Fora isso, ela olhava para Calíope também por confusão, visto que ela estava sentindo um cheiro curioso vindo da garota: perfume. Ela estava se perguntando se ela havia trazido perfume de alguma forma ou se esse era o cheiro natural dela, e as duas possibilidades eram igualmente curiosas. Não era de forma alguma desagradável, na verdade era suave e doce, de certa forma a lembrava de flores.
Enquanto entrava em um veredito sobre esse mistério, Calíope abriu a boca mais uma vez.
— Sol...
— Oi?
— Você é mesmo uma estrela?
— Sim, princesa, eu num mentiria sobre essas coisas.

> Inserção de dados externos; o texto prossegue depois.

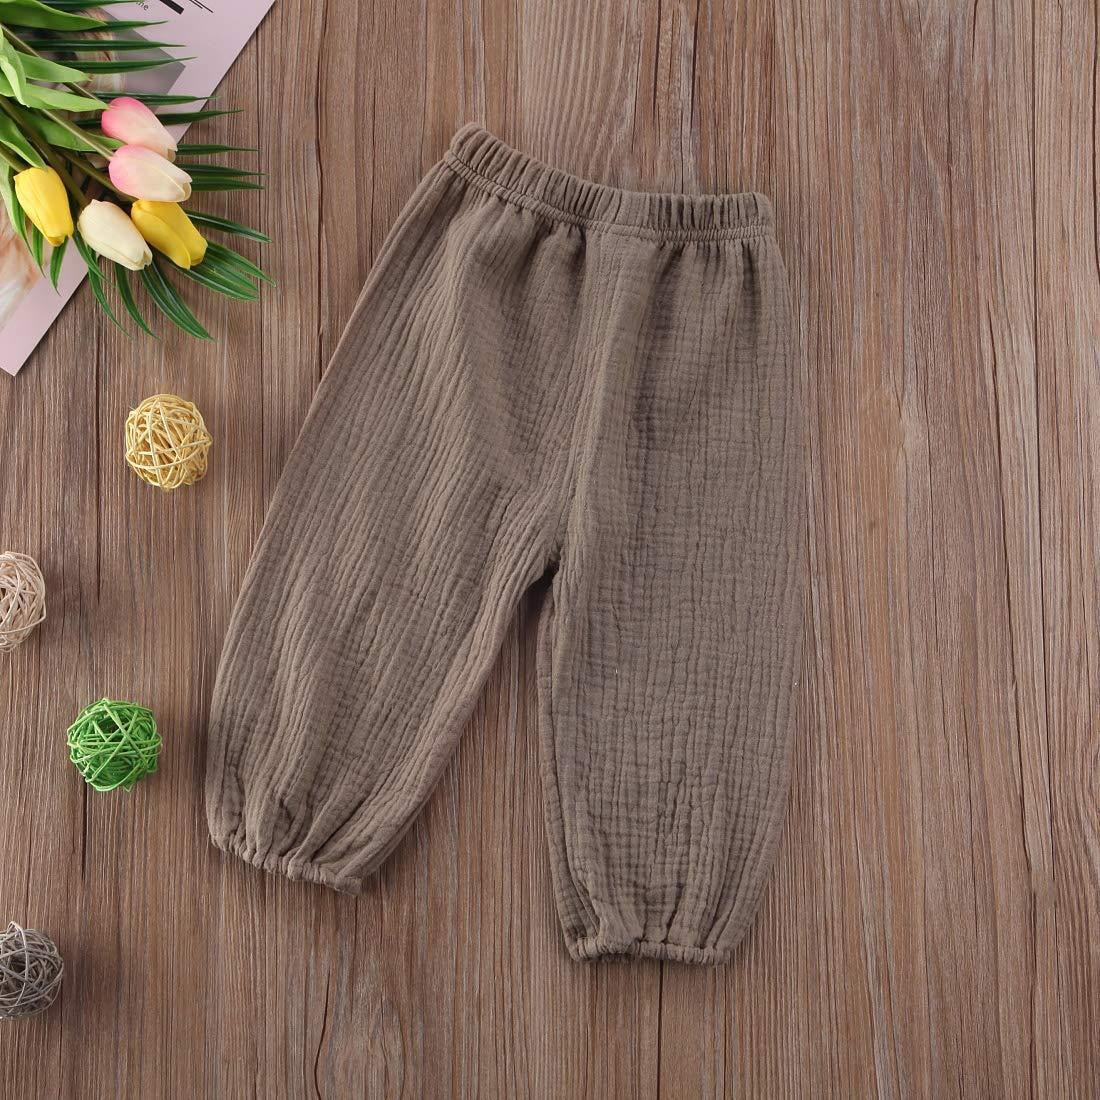 Frecoccialo Unisex Baby Hosen Kinder Jungen M/ädchen Bloomers Pumphose Baumwolle Harem Hosen Fr/ühling Herbst Kleidung

Novamente retornando ao silêncio, a dupla fica quieta por mais alguns minutos, antes de uma última interrupção vinda de Calíope, que estava lentamente ficando mais relaxada e sonolenta. Em verdade, essas perguntas não eram bem o que ela queria falar, mas ela não sabia o que queria falar. Tudo que sabia era que seu coração estava mandando ela dizer algo, só que sem explicar o que.
— Sol.
— Oi...
— Eu prefiro que você me chame de Cali.
Incapaz de segurar uma pequena risada, Sol tenta entender o motivo da garota ainda estar brigando com o sono, mas continua dando atenção para ela, afinal, ela também estava gostando das conversas. Bagunçando o cabelo dela com uma mão, ela se ajeita na cadeira e coloca os pés em cima da cama, em um espaço que a princesa estava deixando vazio.
— Beleza, Cali.
Abrindo um sorriso escondido, Calíope fecha os olhos e se acomoda na cama, preparada para dormir de vez. Vendo isso, Sol sussurrou um "boa noite" e continuou dando carinho na cabeça da garota. Sem planos de dormir, ela fecha os olhos e se concentra nas suas chamas, buscando qualquer movimento.
Mas, embora fosse uma estrela, ela não estava acima de alguns limites da vida. O seu cansaço se acomodou em seu corpo, que estava confortável até demais. Aos poucos a mão que estava acariciando Calíope foi desacelerando até parar e seu corpo foi esfriando. As pontas douradas do seu cabelo foram ficando azuladas sem que ela percebesse, seus olhos foram perdendo o brilho e se fechando.
E, com a sua mão repousando sobre a cabeça da princesa, ela dormiu.